*WHAT THE TASK ASKS*: Could you please repeat all of the entries exactly as written?

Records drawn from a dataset
=== Section Start ===

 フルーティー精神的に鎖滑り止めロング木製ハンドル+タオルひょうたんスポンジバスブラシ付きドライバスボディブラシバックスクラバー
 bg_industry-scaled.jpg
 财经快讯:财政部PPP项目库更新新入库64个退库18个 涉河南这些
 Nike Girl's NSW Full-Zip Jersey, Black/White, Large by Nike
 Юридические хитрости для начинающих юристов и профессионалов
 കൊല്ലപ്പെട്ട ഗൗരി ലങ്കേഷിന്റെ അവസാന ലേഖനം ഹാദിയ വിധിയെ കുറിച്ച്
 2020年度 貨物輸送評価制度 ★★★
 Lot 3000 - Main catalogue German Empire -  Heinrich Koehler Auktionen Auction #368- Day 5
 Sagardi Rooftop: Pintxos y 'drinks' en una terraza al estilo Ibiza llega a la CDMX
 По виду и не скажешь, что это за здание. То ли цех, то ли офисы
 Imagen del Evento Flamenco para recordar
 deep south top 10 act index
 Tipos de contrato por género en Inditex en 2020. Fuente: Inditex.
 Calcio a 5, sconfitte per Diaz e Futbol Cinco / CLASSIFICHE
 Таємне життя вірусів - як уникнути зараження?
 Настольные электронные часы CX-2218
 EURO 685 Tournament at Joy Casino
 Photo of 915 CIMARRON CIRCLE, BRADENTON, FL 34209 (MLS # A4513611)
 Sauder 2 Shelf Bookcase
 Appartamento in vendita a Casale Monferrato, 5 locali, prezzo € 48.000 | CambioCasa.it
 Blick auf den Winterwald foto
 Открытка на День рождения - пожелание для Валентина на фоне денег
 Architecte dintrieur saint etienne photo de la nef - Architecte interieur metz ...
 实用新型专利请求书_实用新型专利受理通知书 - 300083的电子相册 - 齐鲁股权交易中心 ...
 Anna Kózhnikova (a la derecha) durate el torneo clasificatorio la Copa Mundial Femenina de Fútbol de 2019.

=== Section End ===

*SOLUTION FOR THIS PROBLEM*:
 フルーティー精神的に鎖滑り止めロング木製ハンドル+タオルひょうたんスポンジバスブラシ付きドライバスボディブラシバックスクラバー
 bg_industry-scaled.jpg
 财经快讯:财政部PPP项目库更新新入库64个退库18个 涉河南这些
 Nike Girl's NSW Full-Zip Jersey, Black/White, Large by Nike
 Юридические хитрости для начинающих юристов и профессионалов
 കൊല്ലപ്പെട്ട ഗൗരി ലങ്കേഷിന്റെ അവസാന ലേഖനം ഹാദിയ വിധിയെ കുറിച്ച്
 2020年度 貨物輸送評価制度 ★★★
 Lot 3000 - Main catalogue German Empire -  Heinrich Koehler Auktionen Auction #368- Day 5
 Sagardi Rooftop: Pintxos y 'drinks' en una terraza al estilo Ibiza llega a la CDMX
 По виду и не скажешь, что это за здание. То ли цех, то ли офисы
 Imagen del Evento Flamenco para recordar
 deep south top 10 act index
 Tipos de contrato por género en Inditex en 2020. Fuente: Inditex.
 Calcio a 5, sconfitte per Diaz e Futbol Cinco / CLASSIFICHE
 Таємне життя вірусів - як уникнути зараження?
 Настольные электронные часы CX-2218
 EURO 685 Tournament at Joy Casino
 Photo of 915 CIMARRON CIRCLE, BRADENTON, FL 34209 (MLS # A4513611)
 Sauder 2 Shelf Bookcase
 Appartamento in vendita a Casale Monferrato, 5 locali, prezzo € 48.000 | CambioCasa.it
 Blick auf den Winterwald foto
 Открытка на День рождения - пожелание для Валентина на фоне денег
 Architecte dintrieur saint etienne photo de la nef - Architecte interieur metz ...
 实用新型专利请求书_实用新型专利受理通知书 - 300083的电子相册 - 齐鲁股权交易中心 ...
 Anna Kózhnikova (a la derecha) durate el torneo clasificatorio la Copa Mundial Femenina de Fútbol de 2019.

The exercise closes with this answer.